We facilitate people’s personal effectiveness in a variety of ways: primarily coaching and mentoring, but also teaching and training. This page describes a set of courses whose intention is to enable people to perform more effectively at work. If a business is to be more successful, the people in the business will need to be able to work with each other better, work with their clients and suppliers better and work with everyone else better. That starts with being able to perform more effectively oneself.
The programme has two underlying objectives:
1 To give participants insight into the subjects. If they know what is going on for them, and understand why, they are empowered to change, to do something better.
2 To provide participants with approaches, techniques and tools which they can use to enhance their personal effectiveness.
This programme is made up of a number of individual modules.
I: Handling stress
II: Handling change
III: Wellbeing for businesspeople
Each module is 1 day (7 hours).
This course looks at why we become stressed, how to deal with stressful situations and how not to be stressed in the first place.
Stressful situations and stressors
We examine the variety of situations that cause stress and why they do.
What is stress and its effects
Defining stress clearly. Stress versus anxiety. Chronic stress versus acute stress.
Physiological model / dynamic model
The comfort zone. We differentiate stress versus stretch, and look at the value of being stretched. The bell curve model which relates the emotional state to the amount of work undertaken. Stress versus pressure.
Satir types of response to stress
Virginia Satir described five distinct approaches to stressful situations. We examine these and see the benefits in each.
Attitude
Often we developed a stressed response to a situation because of our underlying beliefs and feelings about the situation. These have often arisen over the long term. We look at two main areas and cover how to transcend them:
Behavioural techniques
Emotionally intelligent techniques
Dislike of change and reluctance to change are natural human instincts. Yet, in business, change is not only inevitable, but often essential. This course is for people on the receiving end of change; often not consulted by management on the change but required to deal with its consequences.
What are your issues with change?
Resistance to change is understandable, but people’s reasons for resisting change are many and various. Why wouldn’t you embrace change?
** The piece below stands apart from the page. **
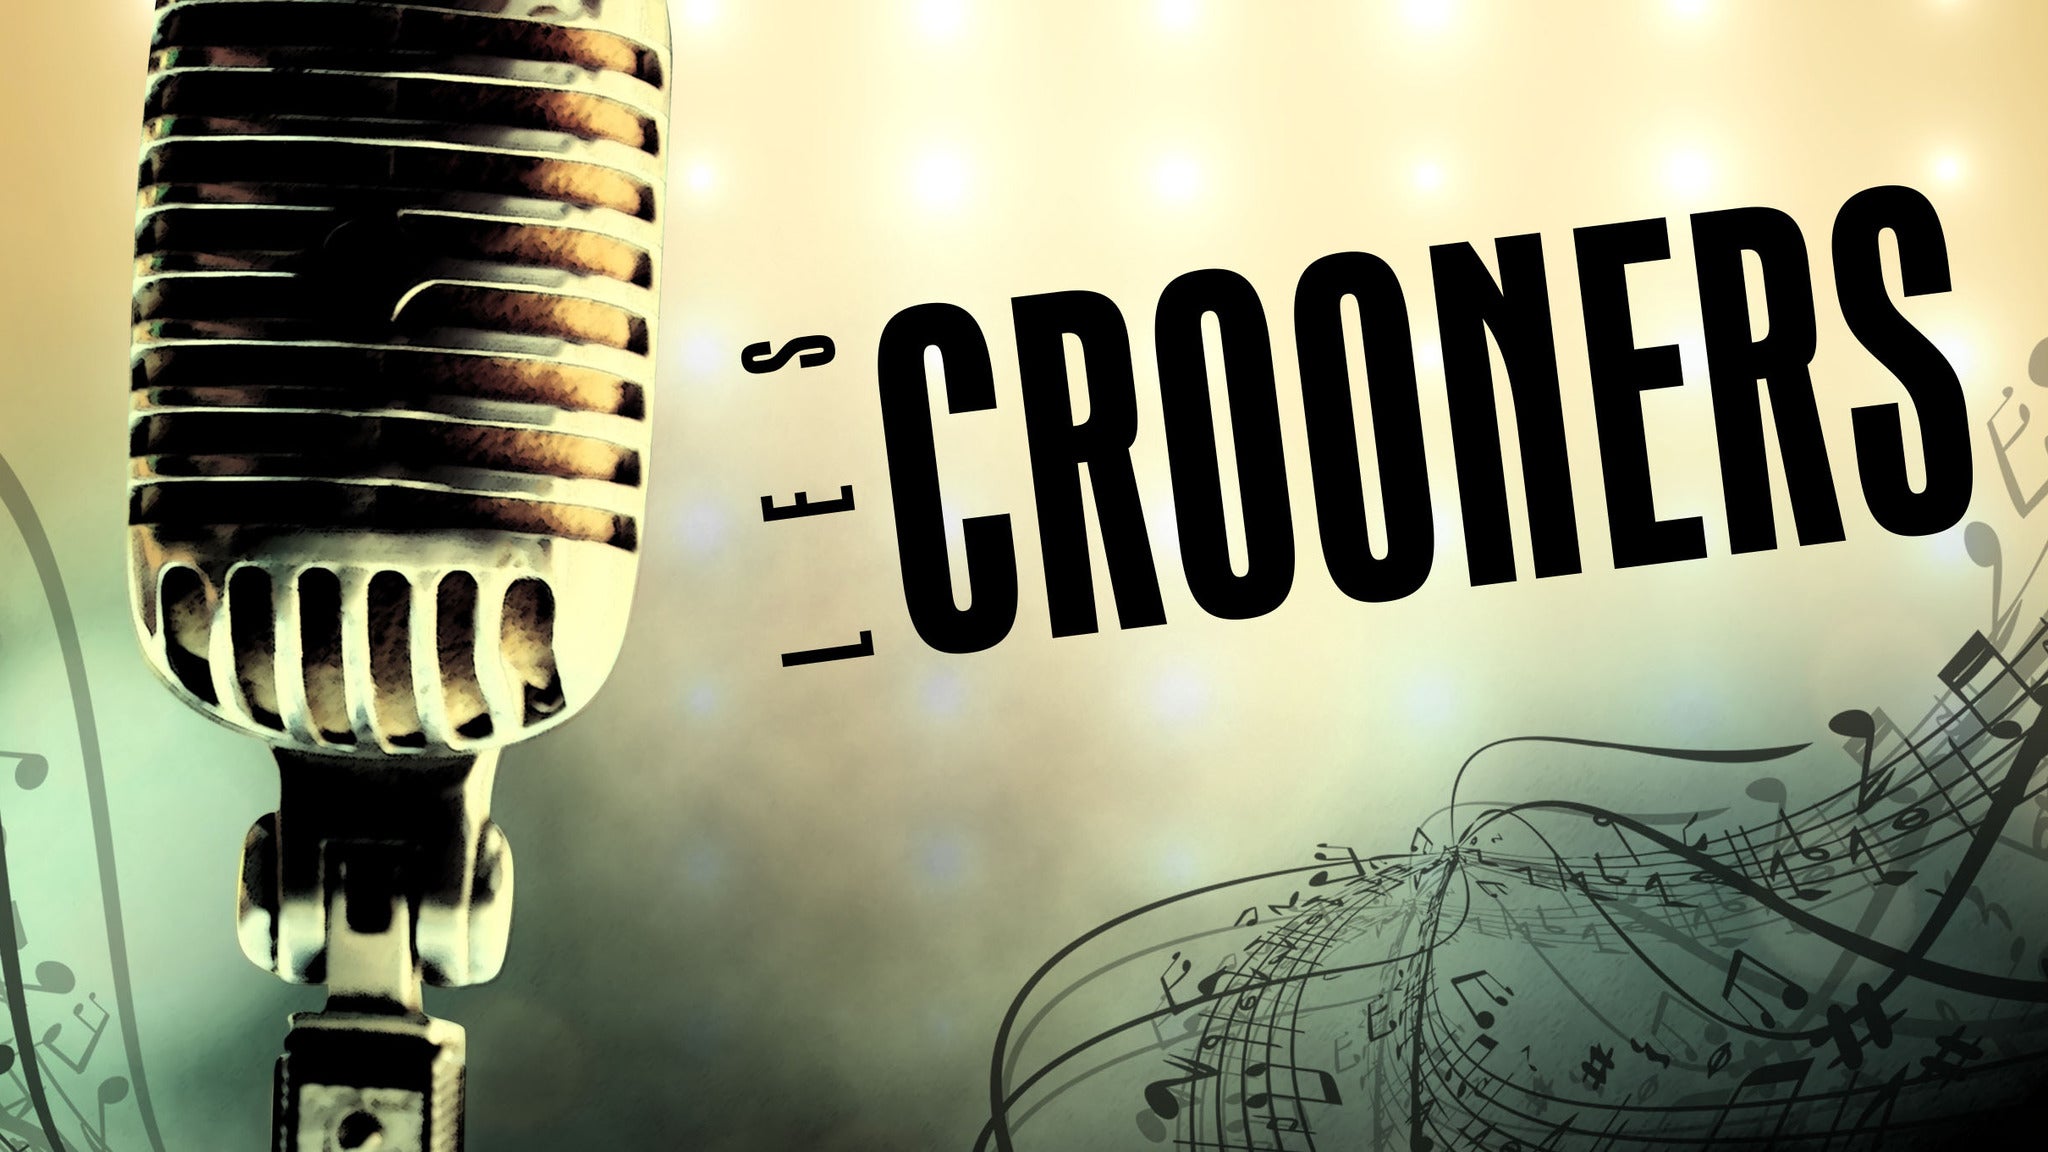 Les Crooners presale information on freepresalepasswords.com

We address some of those reasons which include fear of the unknown or of taking the next step, fear of loss and beliefs that the change will not meet the stated need for it.
Types of change
This section analyses the differences experienced when changes are perceived as ‘good’ or ‘bad’. What is different about changes which we initiate?
Change models
We present a number of models which analyse the stages people go through n the process of change: when presented with the need for change , as the change is proceeding, and afterwards.
Attitude
Successfully dealing with change requires an appropriate attitude. What is needed for such an attitude? We present the well-known model of the comfort zone, but suggest a novel approach to being outside one’s comfort zone.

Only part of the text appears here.